BACKGROUND: Dried blood spots (DBS) have been utilized as a blood plasma alternative for therapeutic drug monitoring and pharmacologic analysis. There are analytical and physiochemical considerations in bridging drug concentrations from plasma to DBS. Recently, the long-acting antiretroviral cabotegravir (CAB) has been approved for HIV prevention, and a co-packaged regimen of long-acting CAB and rilpivirine (RPV) has been approved for HIV treatment. Measurement of these drugs in blood collected as DBS may offer increased capacity and flexibility in translational applications. METHODS: Whole blood was spiked with CAB and RPV and spotted on DBS cards. Following extraction and addition of isotopically labeled internal standards, samples were subjected to liquid chromatographic-tandem mass spectrometric (LC-MS/MS) analysis. The method was validated according to regulatory recommendations, and the assay was evaluated in remnant samples from an HIV prevention trial in which paired DBS and plasma samples were collected. RESULTS: DBS CAB and RPV concentrations were linear from 25 to 20,000 ng/mL and 2-2500 ng/mL, respectively. Precision, accuracy, and matrix effect results were acceptable. DBS RPV demonstrated stability under all tested conditions; DBS CAB showed mean biases of - 23.5% when stored at room temperature for 36 days, and - 18.0% at 40 °C and 100% humidity for two days. DBS measurements for CAB and RPV were an average 54.0% and 14.1% lower, respectively, as compared to paired plasma samples. Derived conversion factors of 1.79 and 1.16 were applied to DBS CAB and RPV measurements, respectively, to estimate plasma concentrations.
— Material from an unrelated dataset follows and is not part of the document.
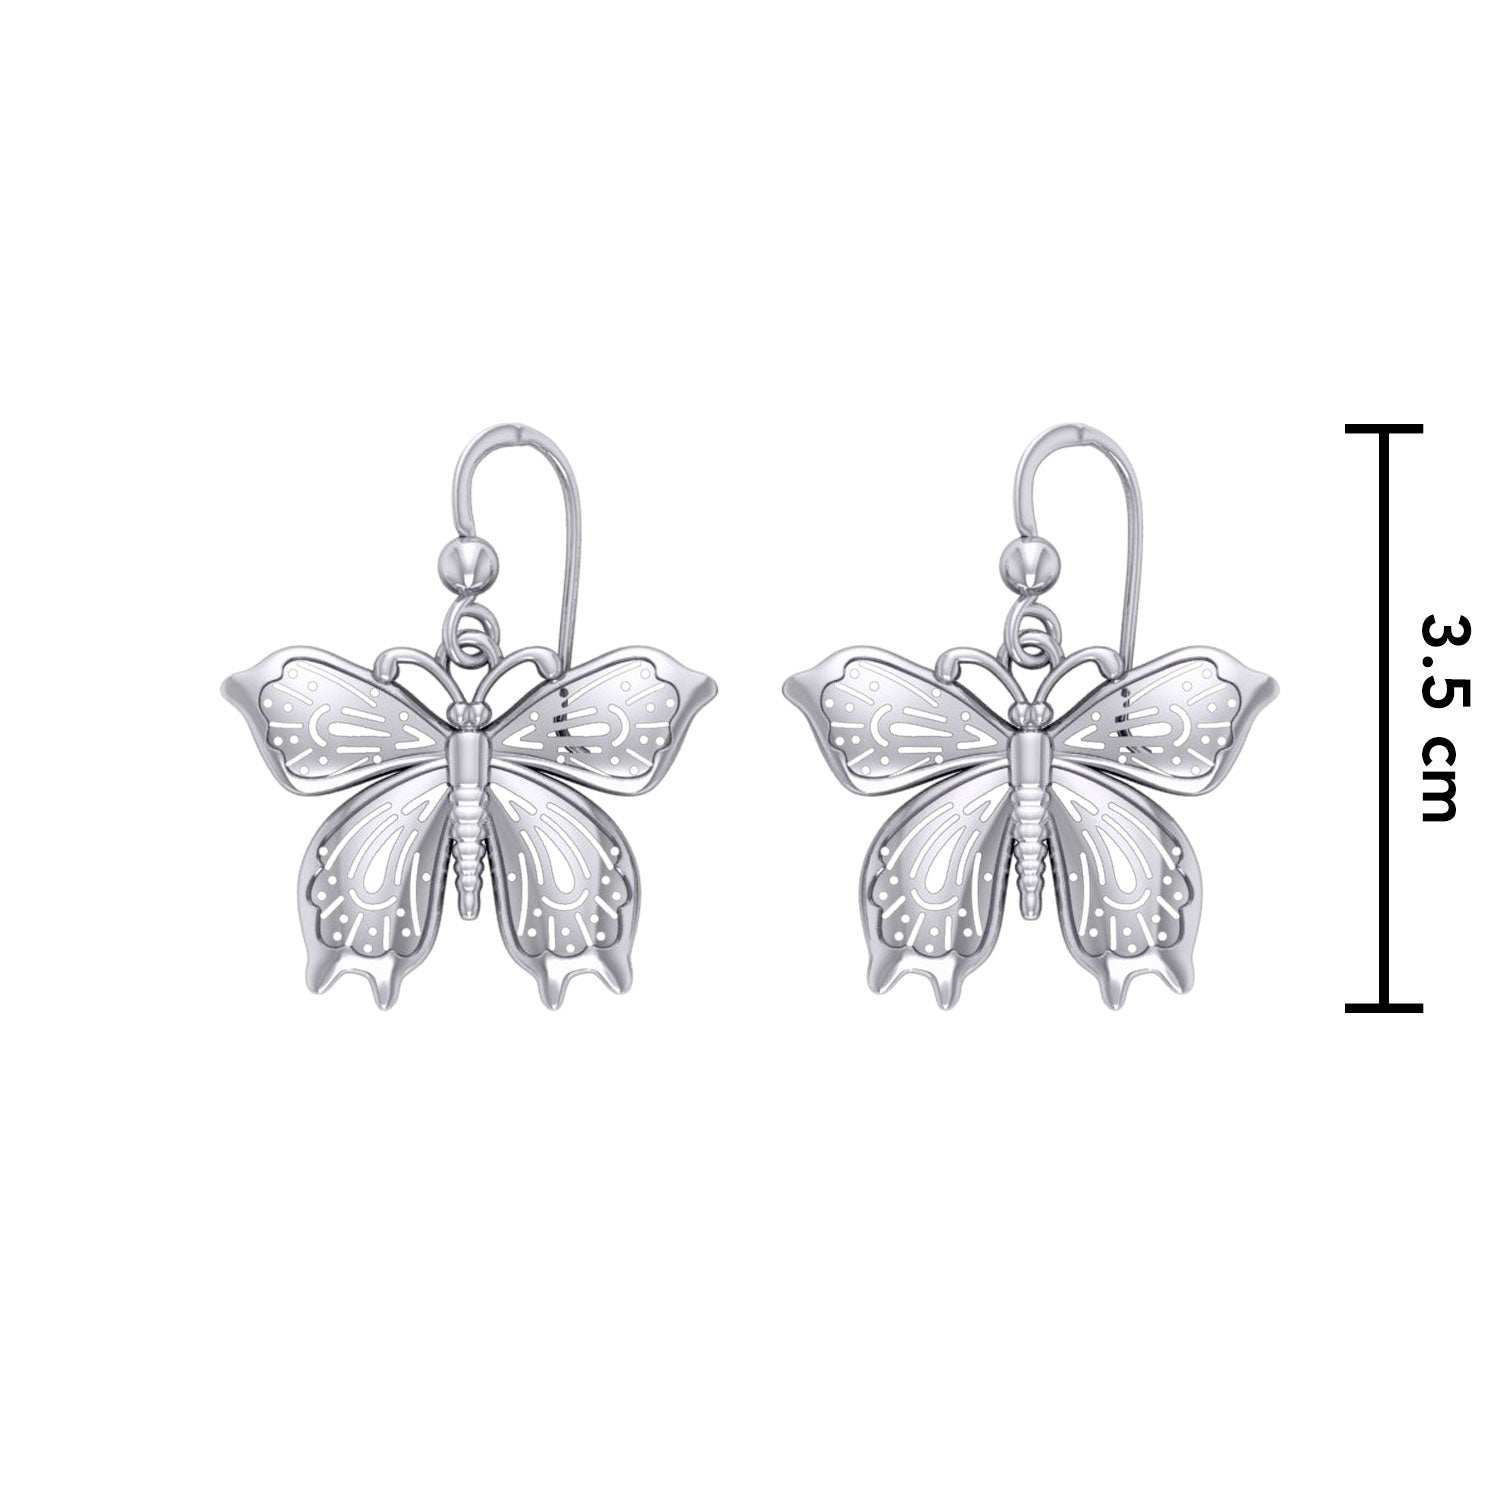 Chasing butterflies in beauty and grace ~ Sterling Silver Jewelry Butterfly Hook Earrings TER1553
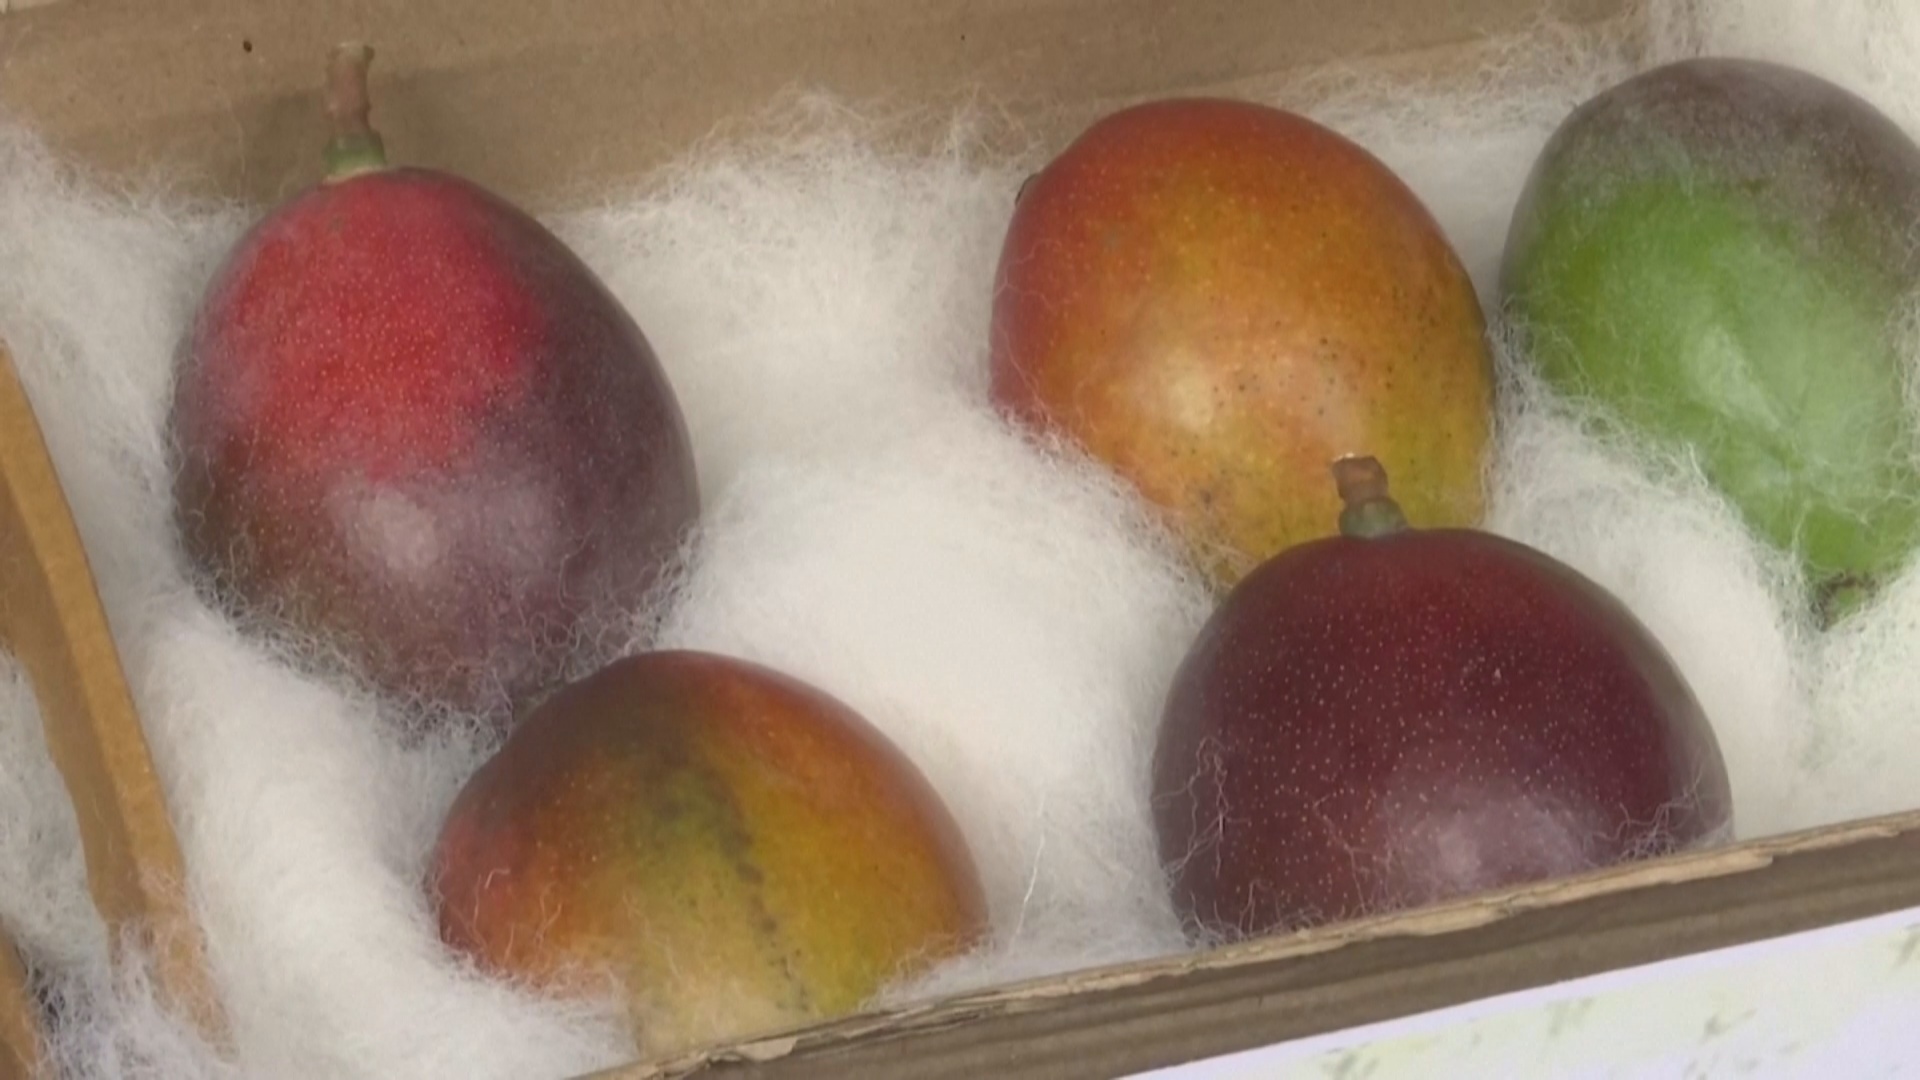 $1200 за манго: фрукты по цене iPhone 13 продают на фестивале в Индии

Estimated plasma CAB and RPV concentrations showed mean biases of 2.2% and 0.6%, respectively. In a CAB clinical trial, application of the conversion factor resulted in agreement between estimated plasma CAB concentrations from DBS and plasma CAB concentrations (y = 1.08x - 79.2, r = 0.932; mean bias of -3.2%; 95% CI: -48.2% to 41.9%). CONCLUSIONS: We developed and validated a novel LC-MS/MS assay for the quantification of CAB and RPV from DBS, and identified conversion factors to estimate plasma concentrations from spotted blood.